Donato Bilancia

Perizia di Andreoli

La sua situazione si venne negli anni stabilizzando, nel senso che egli si raffermò in quella che egli chiama " la mia professione ", che candidamente e, bisogna dire, senza ironia, definisce " quella del ladro ". La vita che faceva gli rendeva bene economicamente (aveva, dice con semplicità, BMW e Porsche), ed il suo modello dell'Io, che riuscì a realizzare, era quello di un ladro ad alto livello, uno specialista, ladro nelle case, con capacità tecniche, in grado di inattivare un sistema di allarme e di forzare una porta blindata di una cassaforte, assieme ad un certo cosmopolitismo, sempre in giro per il mondo (con un doppio passaporto) e ad un certo grado di attitudine alla Arsenio Lupin di quello che ruba dove ce n'è e non danneggia nessuno.

Questa, diciamo così, professione clandestina, lo portò ad alcuni problemi colla giustizia. Dai 20 ai 30 anni fu spesso in prigione, globalmente, al suo computo, numerosi anni.

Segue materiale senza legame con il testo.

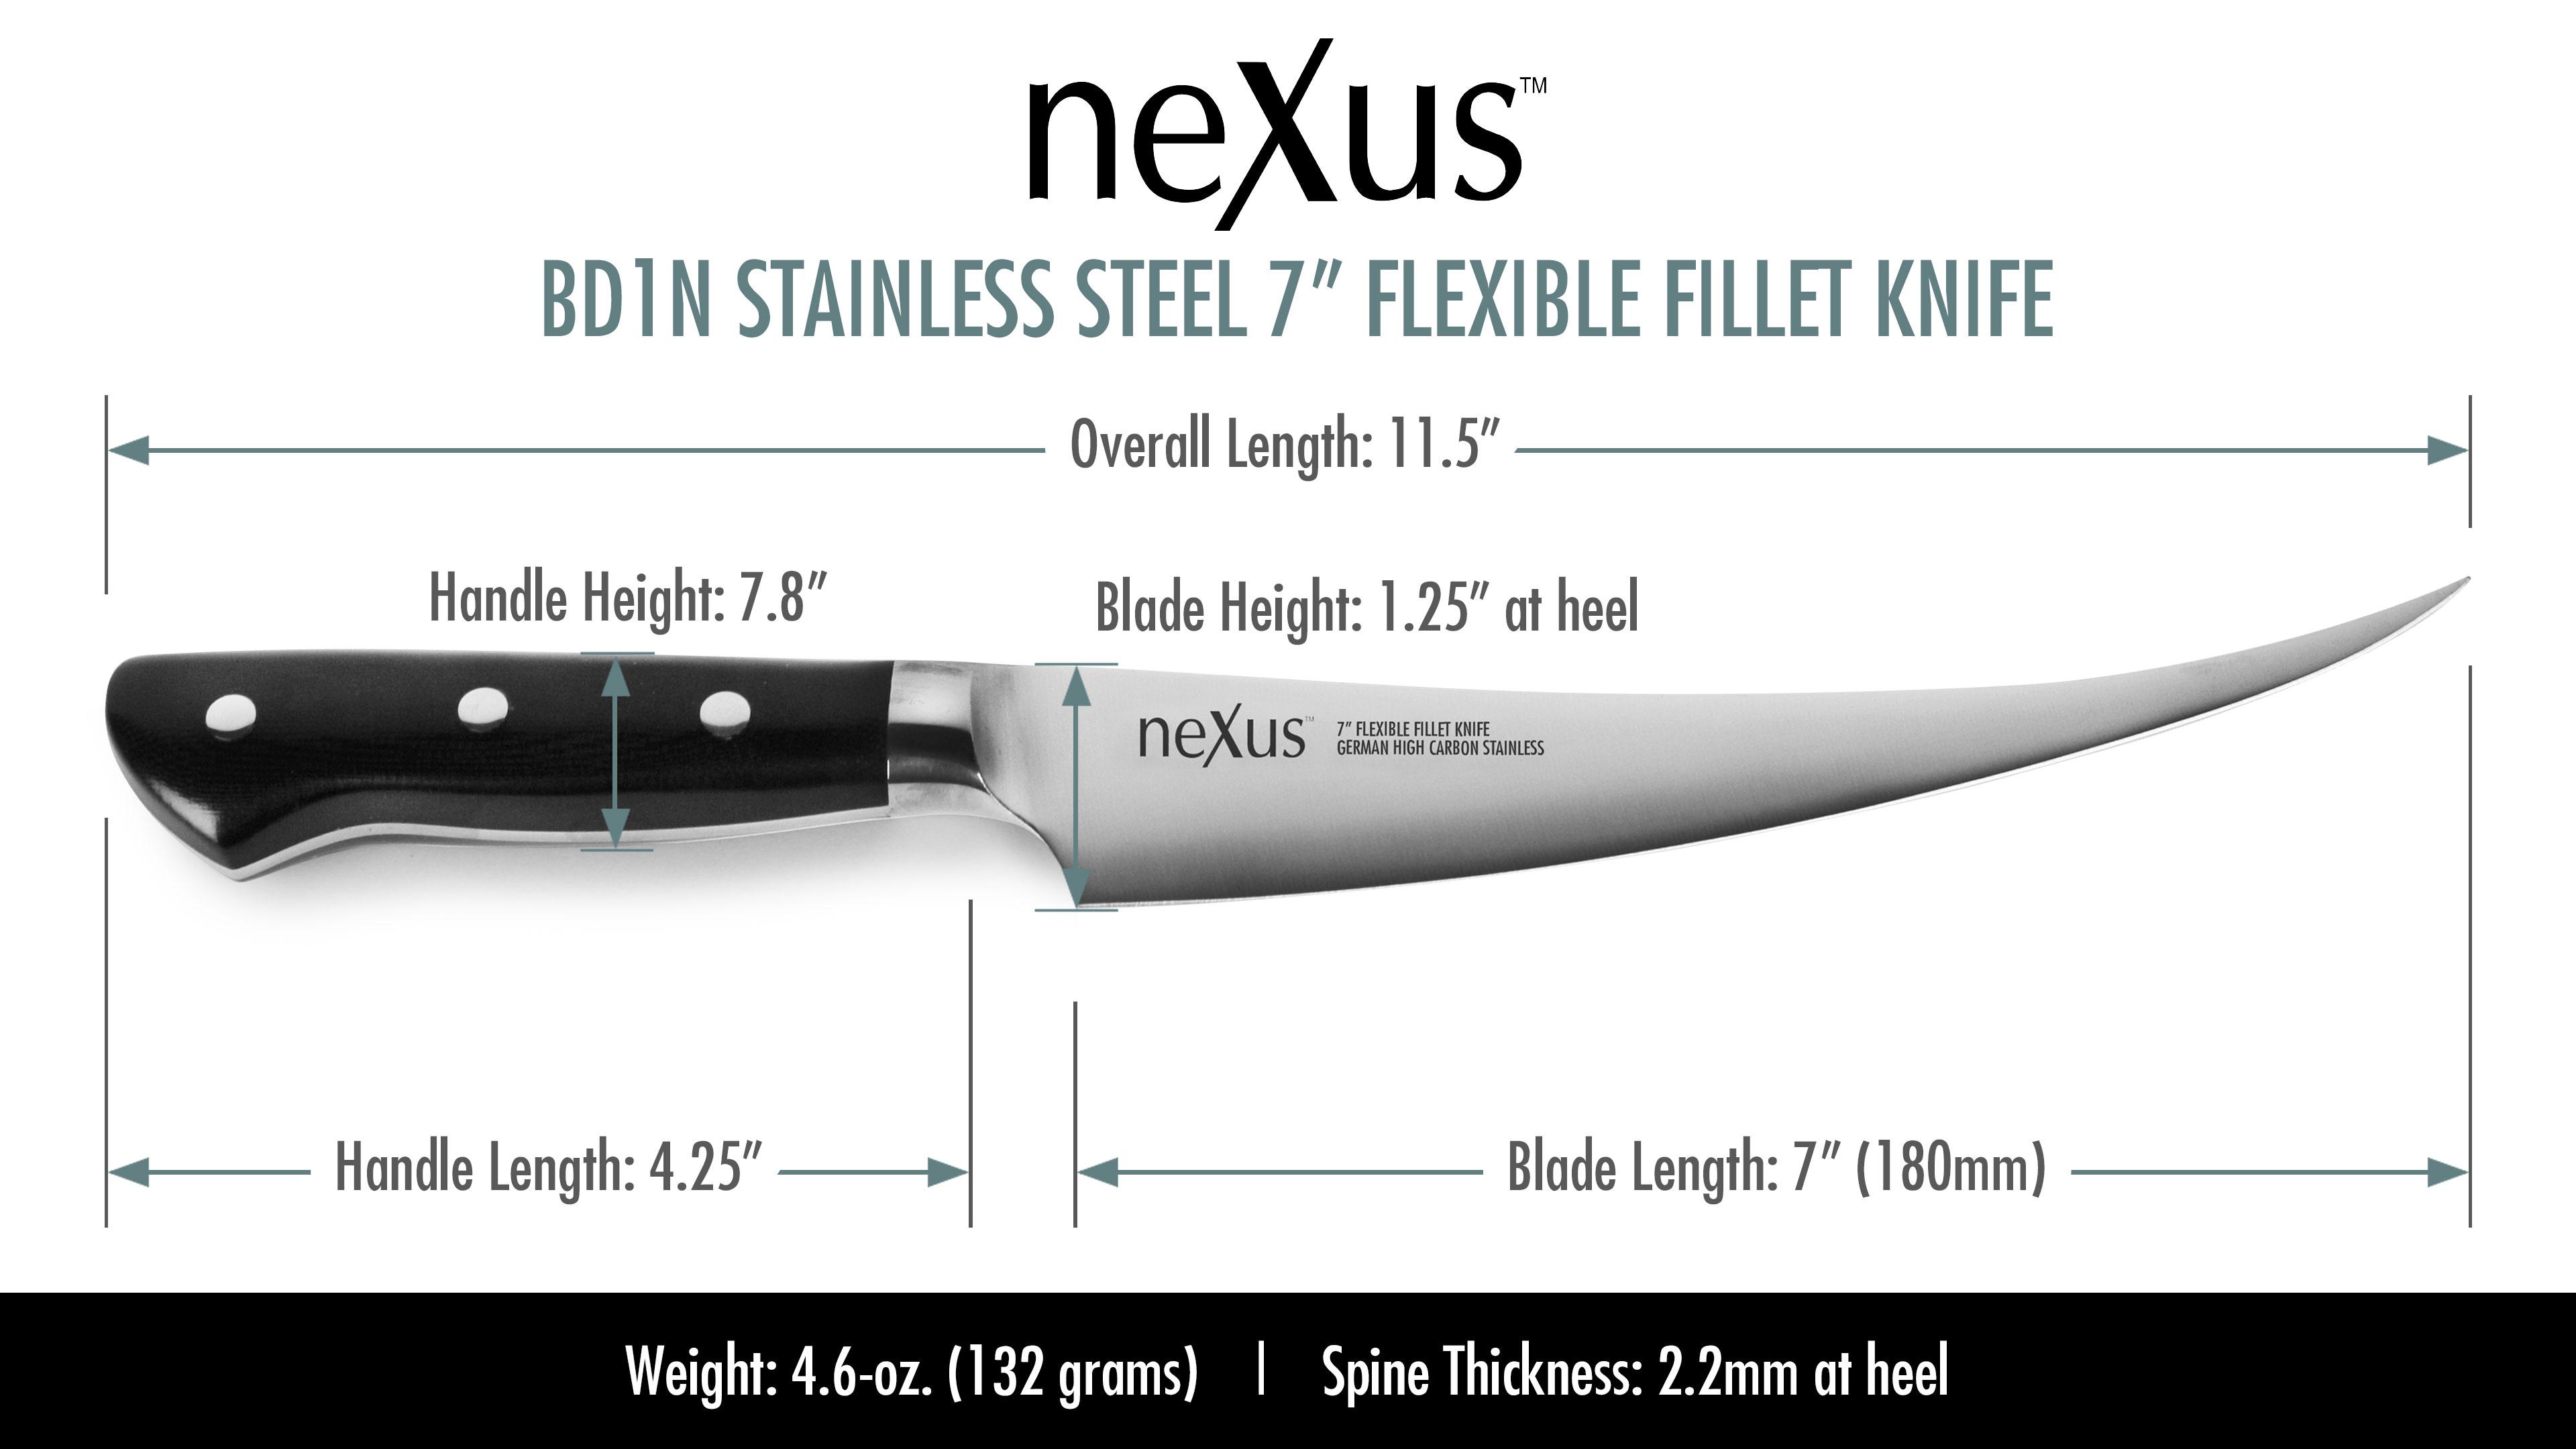 Nexus High Carbon Stainless Steel Flexible Fillet Knife
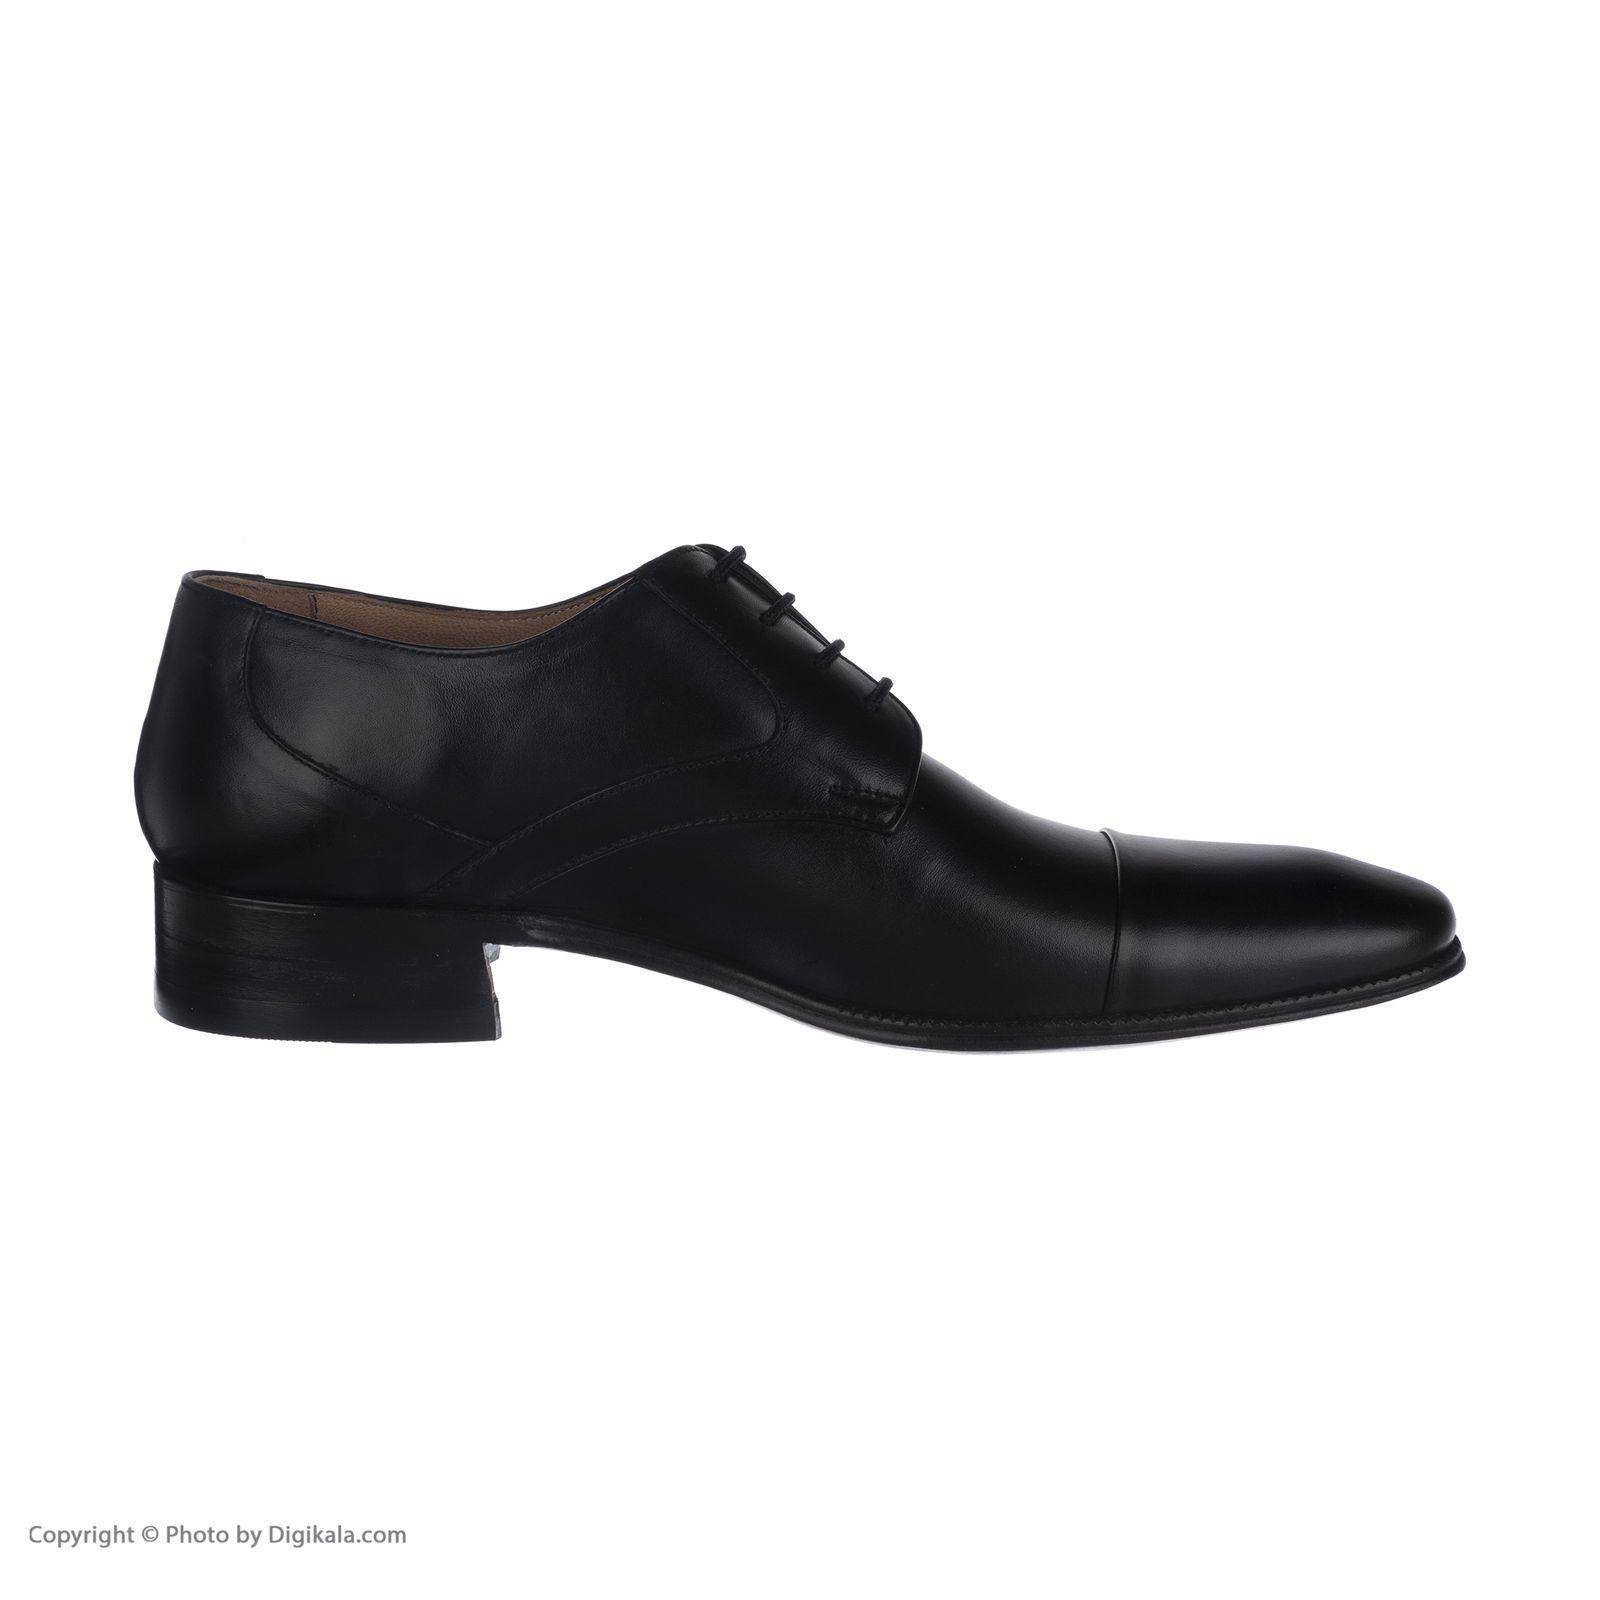 کفش مردانه نظری کد 413 -  - 5

Nonostante la sufficiente riuscita di questo modello, gli dava in qualche modo la figura di un trasgressivo e di un criminale con un certo " a plomb " e ad un certo livello, tutto ciò non riusciva a superare i suoi profondi sentimenti d'insufficienza che si esprimevano nella solitudine e nella fragilità di fronte al tradimento. Il senso di solitudine era pressoché totale, ed egli faceva fronte a questo tramite una vita sociale forzosa, una sorta di tendenza artificiosa alle relazioni, che lo portava ad essere prodigo, a prestare e ad elargire denaro per ottenere compiacenza ed attenzione, per essere in altre parole voluto, e ad impegnarsi sempre più nel gioco d'azzardo (qualsiasi tipo di gioco, egli afferma): non c'è soggettivamente nella narrativa del signor Bilancia il vissuto soggettivo del "gambler", del gioco come discontrollo degli impulsi, ma piuttosto del gioco come tramite alla socializzazione, al rapporto cogli altri, al tentativo in realtà vano di superamento della solitudine interiore tramite la creazione di legami d'intesa e di solidarietà apparente. Finito il suo "lavoro", che tra l'altro non garantisce orari continuativi, finita l'attività nella piccola officina che aveva a casa, corollario necessario all'attività di scassinatore (torni, banco di lavoro per chiavi, passpartout ecc.) il senso di essere solo lo assaliva e veniva colmato con pseudoattività sociali e con il "gambling ", o indifferentemente, poteva portare a pranzo uno sconosciuto. Tuttavia non potremmo escludere che una tendenza al piacere del rischio, alla soddisfazione intensa, alla bramosia d'azzardo, non fossero presenti ad inquadrare certi aspetti di discontrollo pulsionale. Ma non c'è dubbio che il terrore della solitudine ha giocato qui un ruolo di primo piano. La sua tendenza alla prodigalità e alla grandiosità ("mi sono giocato almeno due miliardi ") è anche ovviamente legata al suo sentimento d'umiliazione e di vergogna del suo isolamento e del suo essere abbandonato antico ("mi vergognavo ad andare al ristorante da solo ").